Two of Madrona's strategic advisers, Keith Grinstein and Pete Higgins, are principals in Second Avenue Partners, a group of professional angels housed 25 floors below the Madrona office. Keith is also the son of strategic director Gerald Grinstein.

Then there's the connection to the University of Washington.

Just last month, Madrona added Dan Weld, an entrepreneur and technology professor at the University of Washington, to its team. Officially on leave from the UW, Weld will act as a venture capitalist with expertise in identifying technology trends and recognizing whether a trend is a sustainable business model.

Oren Etzioni, who was chief technology officer at Go2Net, chairs Madrona's Technical Advisory Board and is an associate professor at the UW's Department of Computer Science and Engineering. Ed Lazowska, the department's chairman, also sits on Madrona's technology advisory board.

The group of talent, almost the size of a small private school, has organized itself enough so that it looks like it has a dress code. The staff consistently appears in slacks, loafers, dress shirts and V-neck sweaters.

Arch's Nelsen, who's watched Madrona grow, said he thinks the group has made smart moves.

"I think they've built out their infrastructure to match the number of deals they are involved in," he said. "I would say they probably have more depth in the middle than most VCs do, but part of that is they have a lot of different relationships."

Reputation is everything

The infrastructure they've built is facing a real test now, as the venture market faces tough conditions.

The problem is that it's hard for any venture capitalist to achieve good returns right now. The public markets have practically dried up and are unwilling to let technology companies sell equity through public offerings. Also, many companies are strapped for cash and are not looking for strategic investments or acquisitions.

Alberg said he would have to start raising money in the next six to 10 months if Madrona wants to have a second fund.

"If they try to raise one, they won't have a tremendously hard time," said Richard Spencer, president of Crossroads, an Atlanta-based venture-capital fund that raises money to invest solely in other funds. "They've stuck to their strategy and are performing in a maturation cycle that will soon come to harvest. They've done a great job of delivering what they've decided to deliver to date."

Spencer said Crossroads invests in Madrona for its geographic focus and its experienced management team.

Strategic advantages

But Jim Breyer, managing partner at Accel Partners, which has more than $3 billion under management, says it's not always strictly the firm's track record that decides whether investors will cough up money for a new fund.

"A long-term positive track record is necessary but not sufficient for long-term survival," Breyer said. "For Madrona or other firms formed over the last couple of years, its strategic viewpoint and operating progress may be sufficient in successfully raising a new fund."

The geographic strategy may be key, Breyer suggested. "Seattle is a fertile market going forward," he said.
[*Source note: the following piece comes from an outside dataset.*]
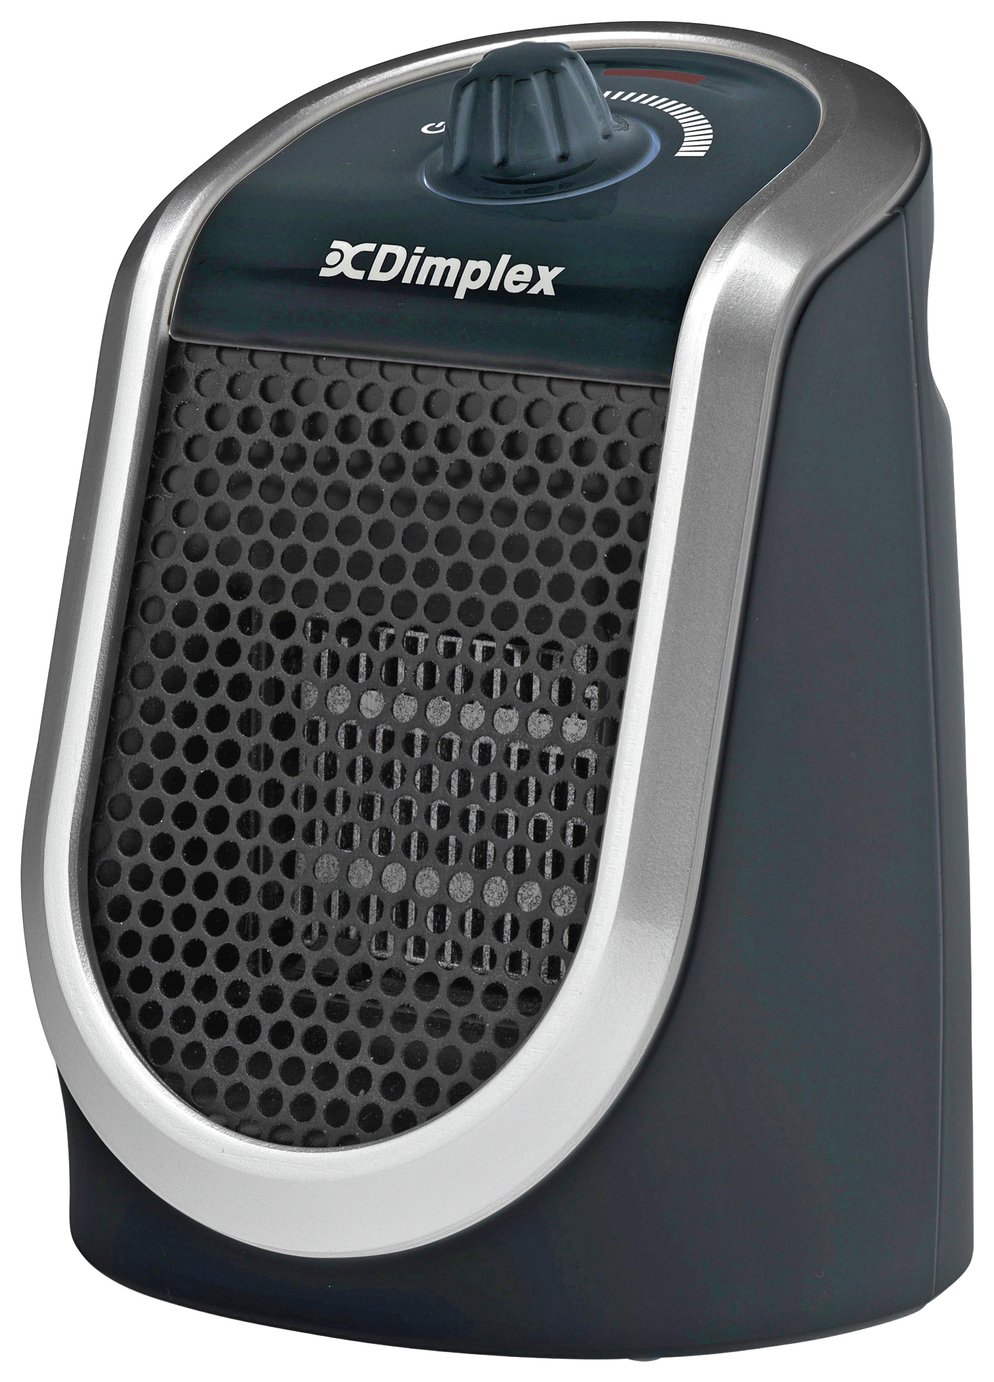 Dimplex 250W Personal Fan Heater

So much so that Accel has identified Seattle as the most interesting geographic market outside Silicon Valley.

When considering how much Madrona has grown in the last two years, and the kind of deep exposure Madrona has to Northwest companies, Nelsen said he thinks Madrona can do it again.

"From almost zero to one of the most recognized names in the market," he said. "That's pretty impressive."

To be successful, Madrona must be the one that identifies the next big thing in the Northwest.

"There is an element of chance and luck in this," Alberg said. "Luck will not turn a loser one into a great one, or ruin a great one. A bigger element is cycles."